Reliance Retail, India’s fastest growing retail company, has set up joint ventures with two big names in international retailing. Today it announced a partnership with Office Depot [ODP], one of the largest U.S. office supplies companies, and last week there was a similar deal with Marks & Spencer, the leading British retailer.
In both cases Reliance has, for the first time in its 50-year history, agreed to be a minority partner. It will hold 49% equity stakes, while the foreign companies will be in control with 51%. It has also agreed that both Office Depot and M&S should appoint one of their own executives to head the businesses – another first.
This marks a huge change of attitude for the parent company, Reliance Industries (RIL), which yesterday announced net profits of $3.8 billion for the year ended March 31, 2008, up 28% on the year. Turnover was up 18% at $34.7 billion.

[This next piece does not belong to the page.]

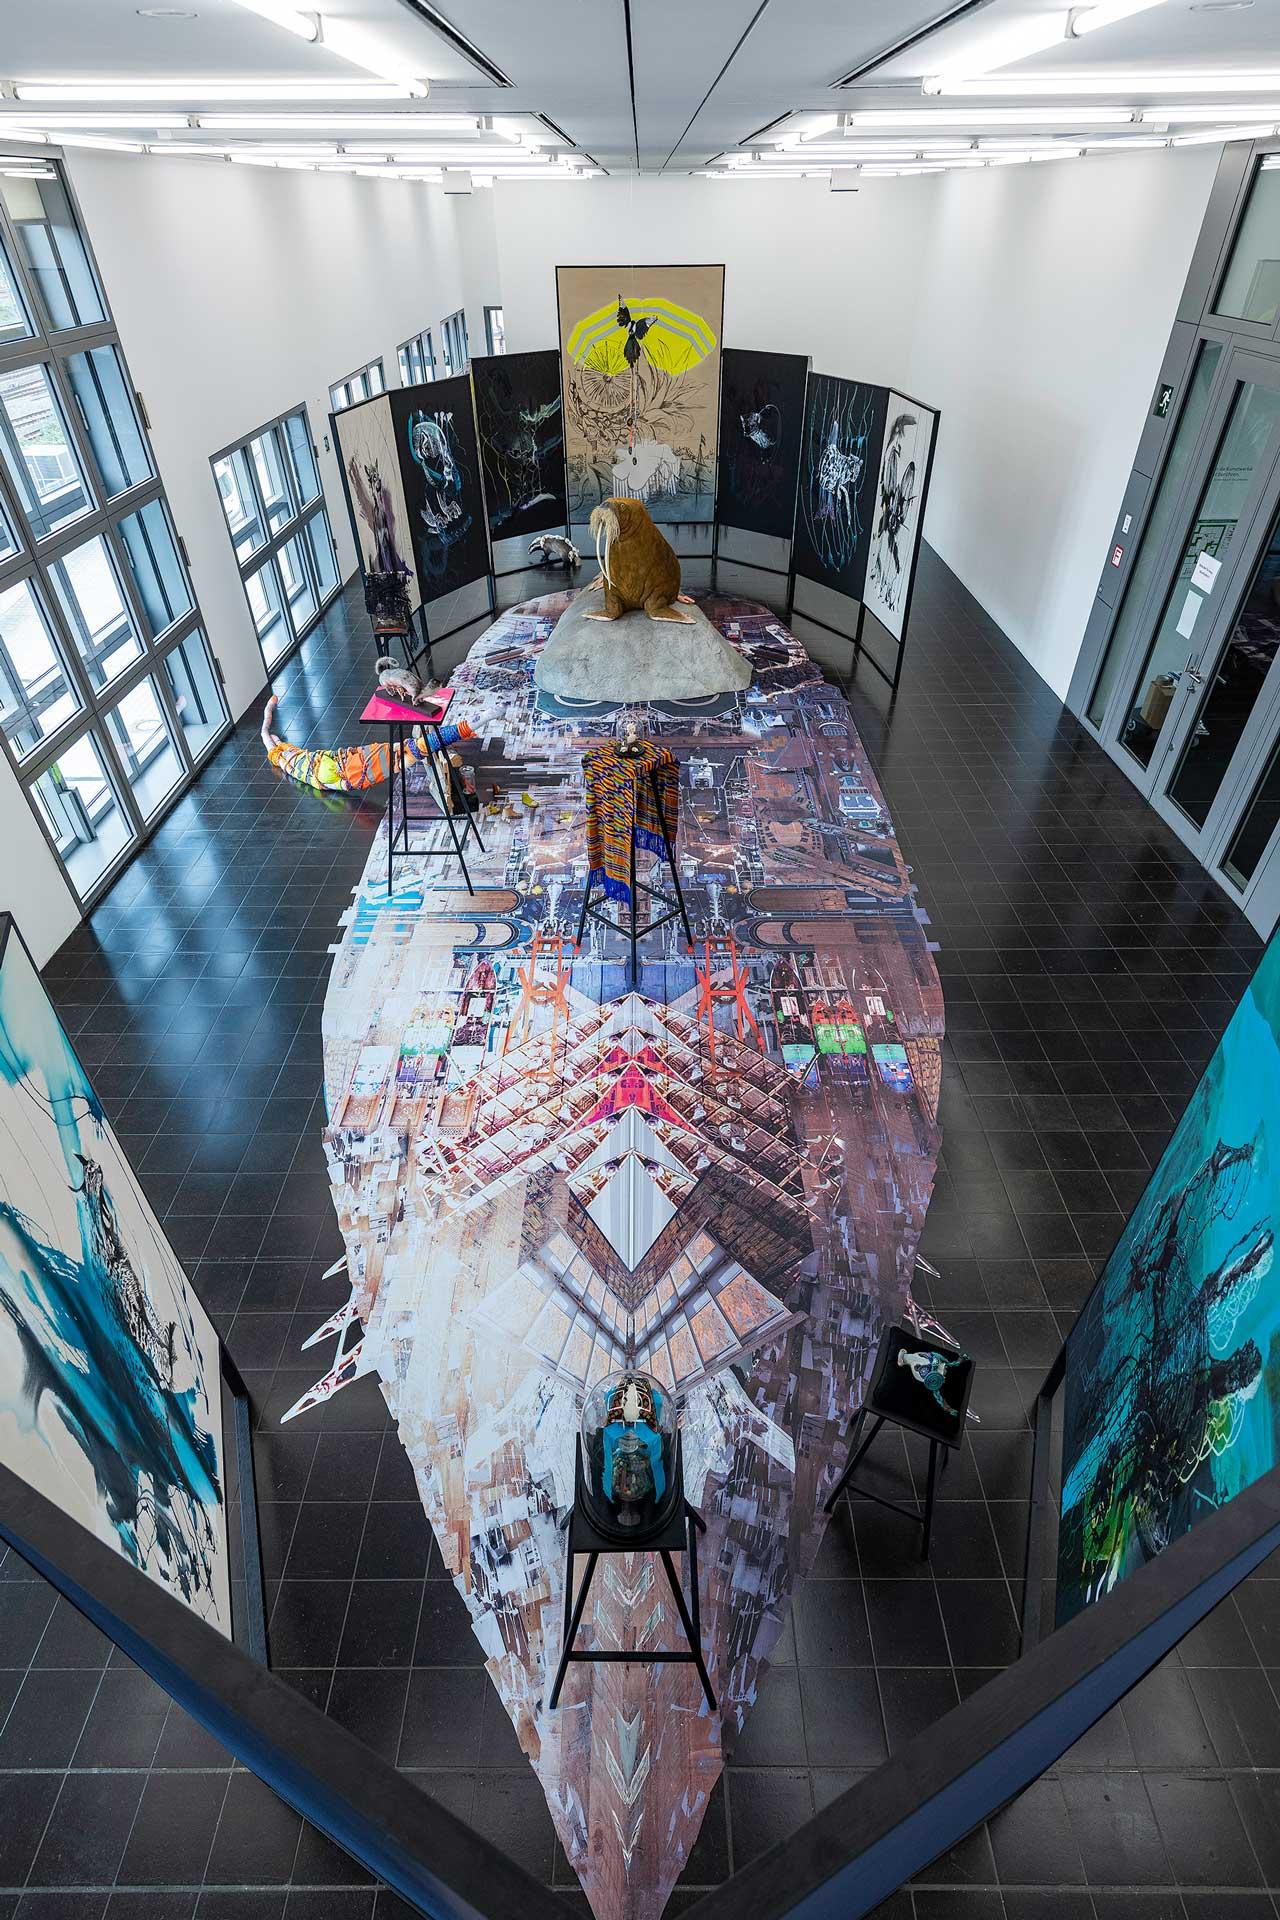 Bild der Hamburger Kunsthalle mit der Ausstellung Helga Schmidhuber 2020

Reliance has always insisted that it does not need foreign business partners to show it how to run companies – it set up 100% Reliance-owned insurance and telecom businesses a few years ago, hiring foreign executives and consultants to provide the expertise.
Mukesh Ambani, RIL’s chairman, heralded the change in a speech at the company’s annual meeting last October, when he said that accepting partnerships with other companies would be one of five “fundamental strategic shifts” in approach. “Reliance envisages an ecosystem of partnerships with global companies that can be hugely value accretive,” he said. (The other shifts included inorganic growth and investing in innovation).
But this does not mean that Reliance will be agreeing to minority stakes in other areas where it is already strong – for example its core businesses of oil exploration and refining, petrochemicals, and textiles. It will also prefer partners to take minority stakes – such as Chevron Corporation’s (CVX) 5% stake in Reliance Petroleum – or a 50-50 split, which it has with Pearle Europe for opticians’ shops.
In retail, it recognizes it needs to acquire expertise quickly – and to secure brands that its competitors might otherwise take.
The 50 stores that M&S plans to open with a $29 million equity joint investment will be significant for the British retailer, which has failed to make a dent in India with 14 franchise arrangement already run by Planet Retail, a smaller Indian company. Similarly, the Reliance deal opens up a largely unexplored market for Office Depot. The joint venture has launched itself by buying eOfficePlanet, one of India’s largest office product suppliers to corporate customers.
The 51% foreign direct investment (FDI) in the M&S joint venture is allowed under India’s restrictive investment rules because it involves only a single brand. The Office Product business will not have retail shops but will operate on a business-to-business basis, supplying contract customers. This is classified as wholesaling, where 100% FDI is allowed.
These joint ventures will be relatively small speciality businesses for Reliance Retail, which already has nearly 600 stores covering a total of 3.5 million square feet and ranging from neighborhood shops to an Apple specialty store and hypermarkets.
So while accepting minority stakes is a major change of approach for Ambani, it will not change the broad shape of the group – though it might help to soften Reliance’s image as one of India’s toughest and most ruthless groups.